# Driver for WiFi dongle



## dss_cottage (Jul 31, 2009)

I'm looking for the correct driver for a WiFi dongle on a Win 7 32 bit system.

The only label on the dongle is "802.11n"
I believe that the manufacturer is Mediatek or Realtek (one driver file is labeled MTK, the other is Realtek)

The hardware ID is: usb/vid_148f&pid_7601&rev_0000

The dongle (off eBay) came with a DVD disk with drivers but they don't work. In Device Manager, there is a yellow exclamation point.

I've searched the net (with this hardware ID) and have a number of hits that offer a variety of different files that are supposed to be the correct driver. However, they are all "exe" files and are a variety of sizes. That makes me very suspicious. The descriptions of these files also quote different OEMs and chipsets.

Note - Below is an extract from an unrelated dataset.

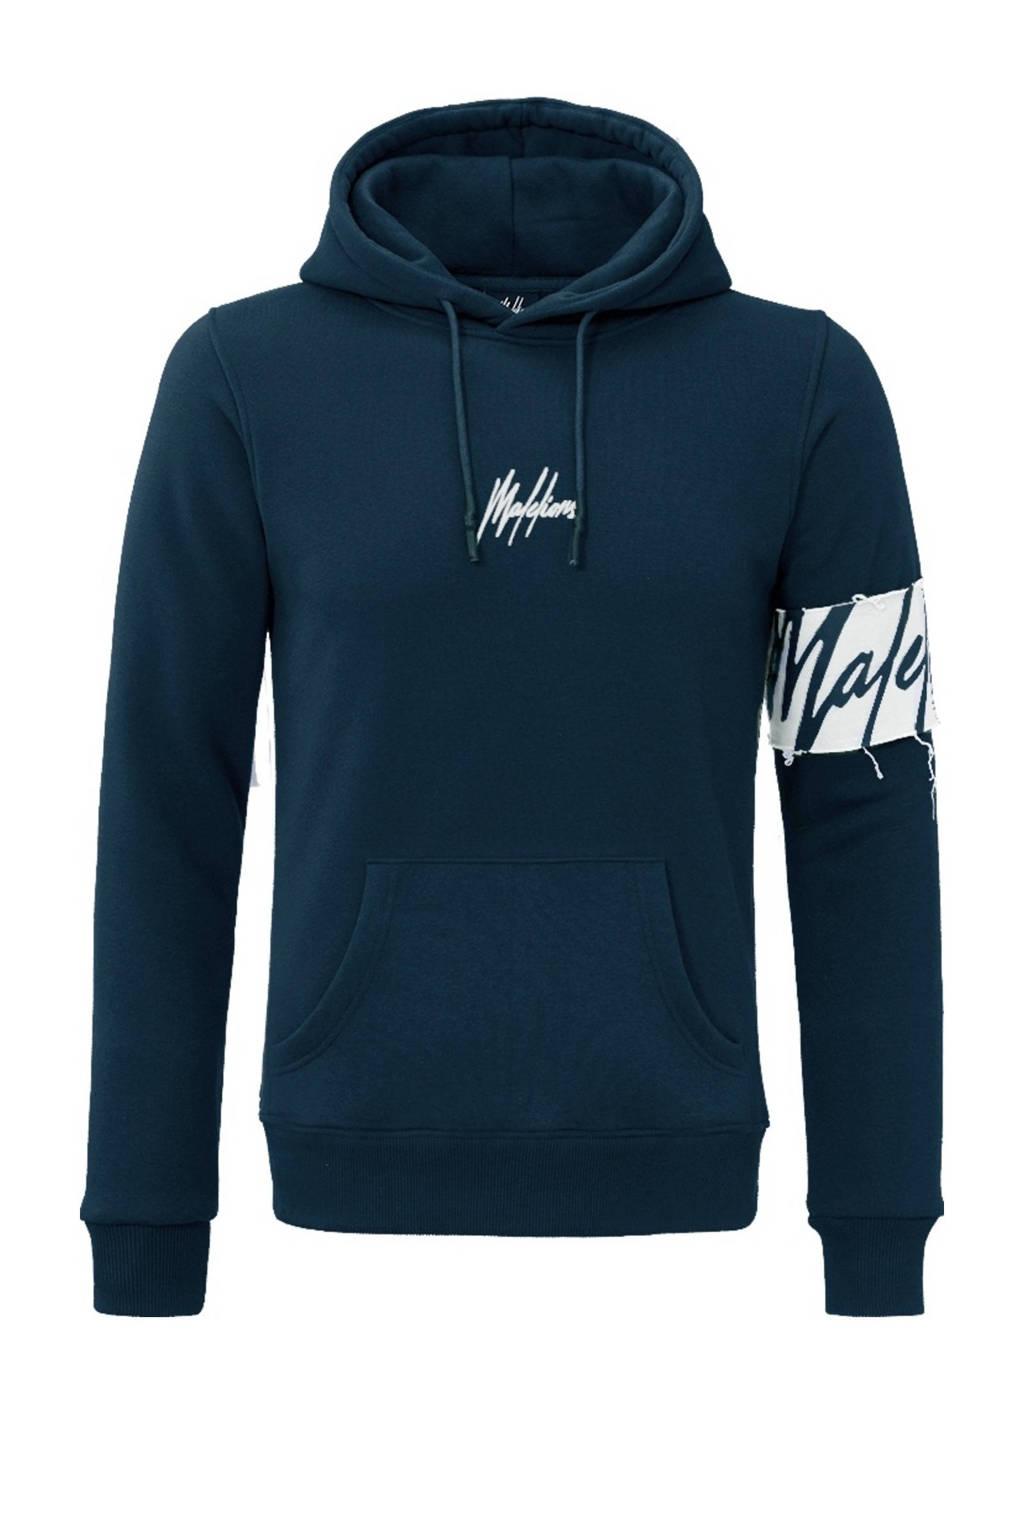 Malelions hoodie met logo donkerblauw, Donkerblauw

Can anyone help me sort out this confusion?


----------



## SpywareDr (Jun 15, 2013)

FWIW, new ones are $3.99 (USD) and that includes shipping: https://www.newegg.com/Product/Prod...730&cm_re=usb_wifi-_-9SIABV76009730-_-Product


----------



## steve32mids (Jun 27, 2012)

https://www.mediatek.com/products/broadbandWifi/rt2870

mediatek drivers

realtek normally do ethernet drivers without knowing your motherboard make and model number, this driver is for Lan/ethernet drivers also they do sound drivers.

CPU-Z | Softwares | CPUID

download cpu z it will tell you your motherboard make and model number.

After Installing it run it then click on the mainboard tab it will tell you the make and model number.


----------



## dss_cottage (Jul 31, 2009)

steve32mids said:


> https://www.mediatek.com/products/broadbandWifi/rt2870
> 
> mediatek drivers
> 
> ...


Maybe I'm misunderstanding your post but....
I'm trying to find the correct driver for a *Wifi dongle* not an ethernet card inside the computer. As such, I don't think that the model number of the motherboard makes any difference.


----------



## dss_cottage (Jul 31, 2009)

SpywareDr said:


> FWIW, new ones are $3.99 (USD) and that includes shipping: https://www.newegg.com/Product/Prod...730&cm_re=usb_wifi-_-9SIABV76009730-_-Product


That's exactly what I have purchased but the drivers that came with it don't seem to work. If I'm unable to find the correct drivers, I'll probably buy a different dongle. They are so cheap that I wouldn't be losing very much.


----------



## JimE (Apr 16, 2009)

Stick with a name brand model and you will have better support and an actual website with drivers and software.


----------